Если бы поэт мог прояснить мифы, с которых он начинает, чтобы прийти к конечным научным представлениям о природе и жизни, он все равно имел бы дело с живым чувством и его образным выражением. Прозаический пейзаж перед ним все равно оставался бы произведением искусства, написанным на человеческом мозге человеческим разумом. Если бы он нашел этот пейзаж неинтересным, это было бы потому, что он на самом деле не интересовался жизнью; если бы он нашел его скучным и непоэтичным, он проявил бы свою малую способность и детские причуды. Трагичной, роковой, неуправляемой, он вполне мог бы чувствовать истину; но эти качества никогда не отсутствовали в том полумифическом мире, по которому поэты, за неимением рационального образования, до сих пор блуждали. Видение рационального поэта имело бы те же моральные функции, которые миф был призван выполнять, и выполнял так предательски; оно использовало бы те же идеальные способности, которые миф выражал в запутанной и поспешной манере. Было бы добавлено больше деталей и больше разнообразия в интерпретации. Чтобы иметь дело с таким великим объектом и сохранить над ним мастерство, поэту, несомненно, потребовался бы крепкий гений. Если бы он обладал им и, преобразуя все существование, ничего не фальсифицировал, давая ту картину всего, которую человеческий опыт в конечном итоге нарисовал бы, он достиг бы идеального результата. Побуждая человечество воображать, он помогал бы им жить.
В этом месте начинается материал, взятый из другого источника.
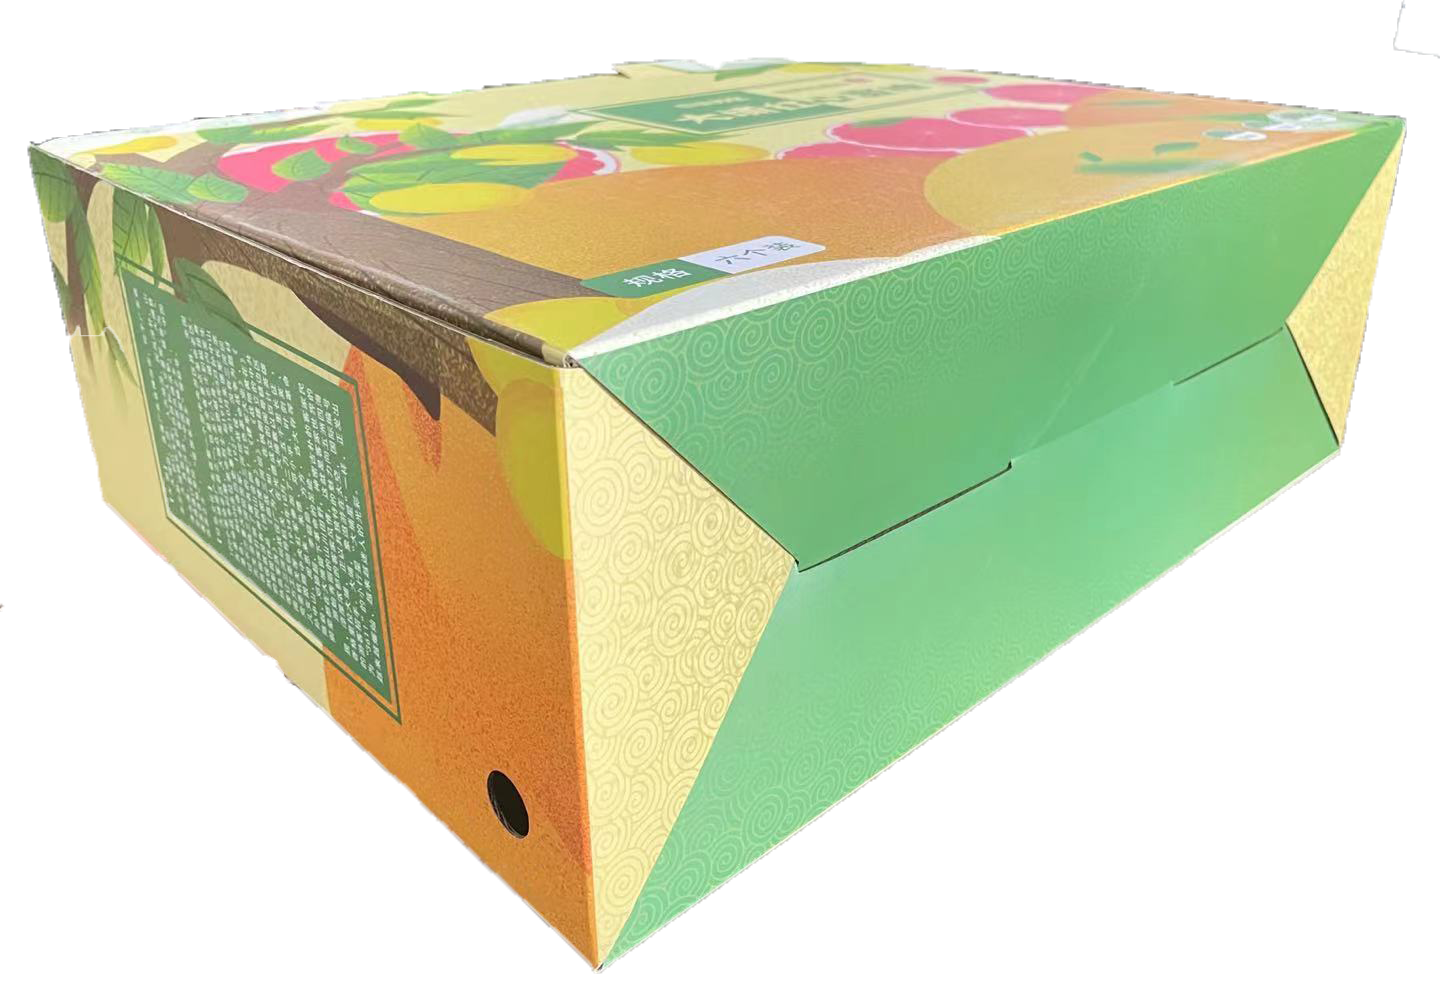 蜜柚包装彩盒2
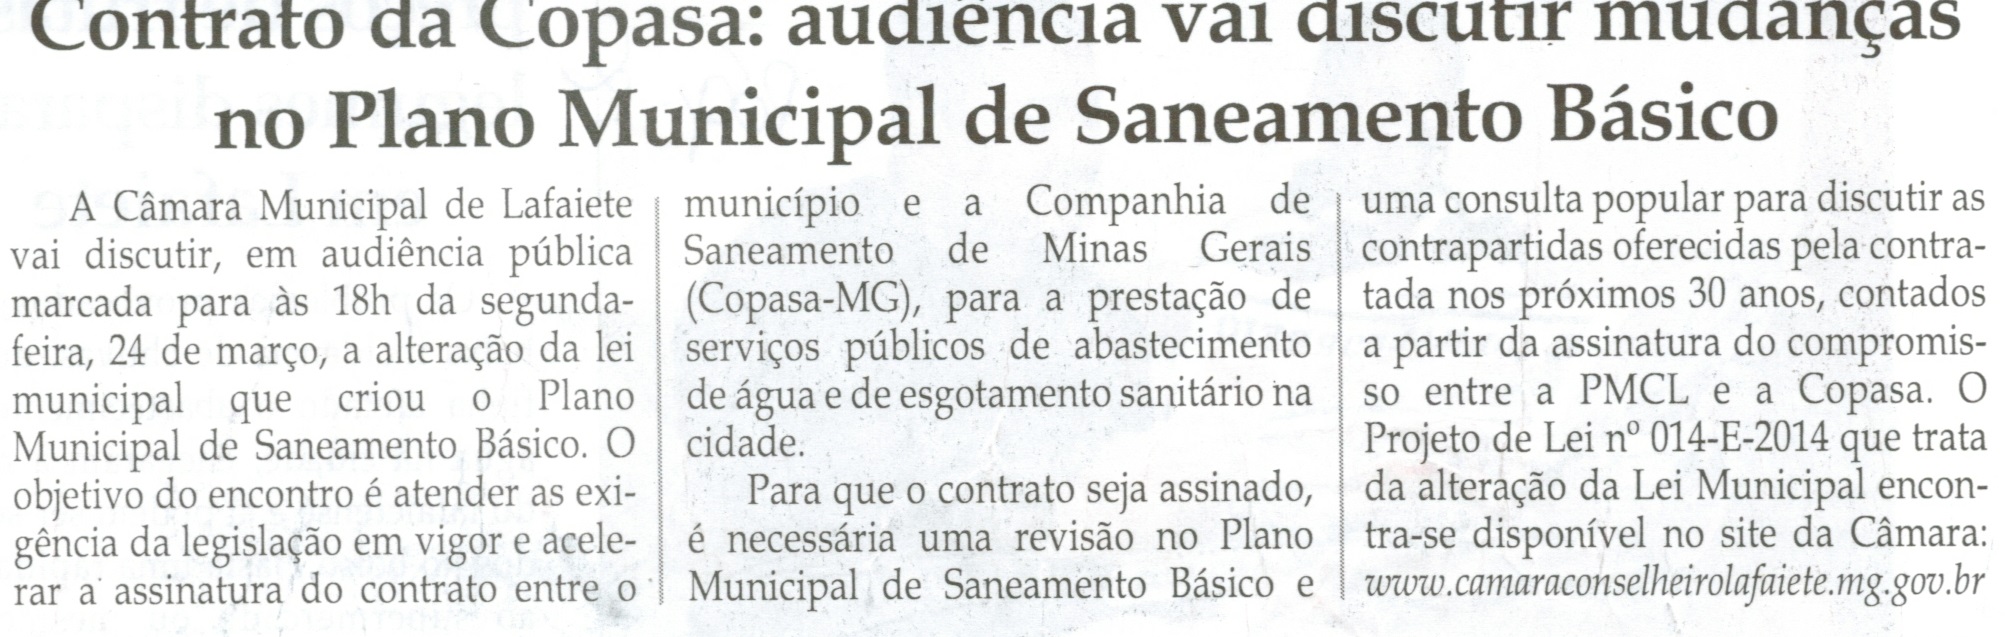 Contrato da Copasa: audiência vai discutir mudança no Plano Municipal de Saneamento Básico. Jornal Correio da Cidade, Conselheiro Lafaiete, 21 mar. 2014, p. 2.

Его поэзия, не переставая быть фикцией по своему методу и идеальности, была бы конечной истиной в своем практическом охвате. Она представила бы в графических образах общую эффективность реальных вещей. Такая поэзия была бы более глубоко укоренена в человеческом опыте, чем любая случайная причуда, и поэтому более привлекательна для сердца. Такая поэзия представляла бы более тщательно, чем любая формула, конкретное бремя опыта; она стала бы самым надежным из спутников. Образы, которые она выработала, противостояли бы человеческой страсти более понятно, чем мир в его нынешнем представлении, с его механизмом, наполовину игнорируемым, и его идеальностью, наполовину выдуманной; они ярко представляли бы использование природы и тем самым делали бы все естественные ситуации похожими на стимулы к искусству.

An illustration.

Разумная поэзия не совсем неизвестна. Когда Гомер упоминает объект, как он делает его поэтичным? Во-первых, несомненно, благозвучием его имени или чувственным сиянием какого-нибудь эпитета, соединенного с ним. Иногда, однако, даже этот декоративный эпитет не является просто чувственным; это очень вероятно патроним, имя какой-то области или какого-то мифического предка. Иными словами, это сигнал к расширению нашего взгляда и к осмыслению объекта не только ярко и с паузой, но и в адекватном историческом контексте. Макбет говорит нам, что его кинжал был «непристойно облачен в кровь». Ахилл не забавлялся бы такой метафорой, даже если бы бриджи существовали в его дни, а скорее рассказал бы нам, чья кровь в других случаях окрашивала то же лезвие, и, возможно, какой отец или мать скорбели об убитом герое, или какие храбрые дети остались продолжать его род. Фраза Шекспира остроумна и причудлива; она ослепляет на мгновение, но в конце концов кажется насильственной и грубой. То, что сказал бы Гомер, напротив, будучи простым и истинным, могло бы становиться, по мере того как мы вдумывались в него, все более благородным, патетичным и поэтичным. Шекспир, тоже, под своими случайными нелепостями сюжета и дикции, облагораживает свою сцену актуальной историей, жизнью, написанной живо, подлинными человеческими характерами, политикой и мудростью; и, конечно, это не те элементы, которые делают меньше всего чести его гению. В каждом поэте, действительно, есть некоторая верность природе, смешанная с той неуместной ложной фантазией, с которой поэзия иногда отождествляется; и степень, в которой воображение поэта доминирует над реальностью, является, в конечном счете, точной мерой его важности и достоинства.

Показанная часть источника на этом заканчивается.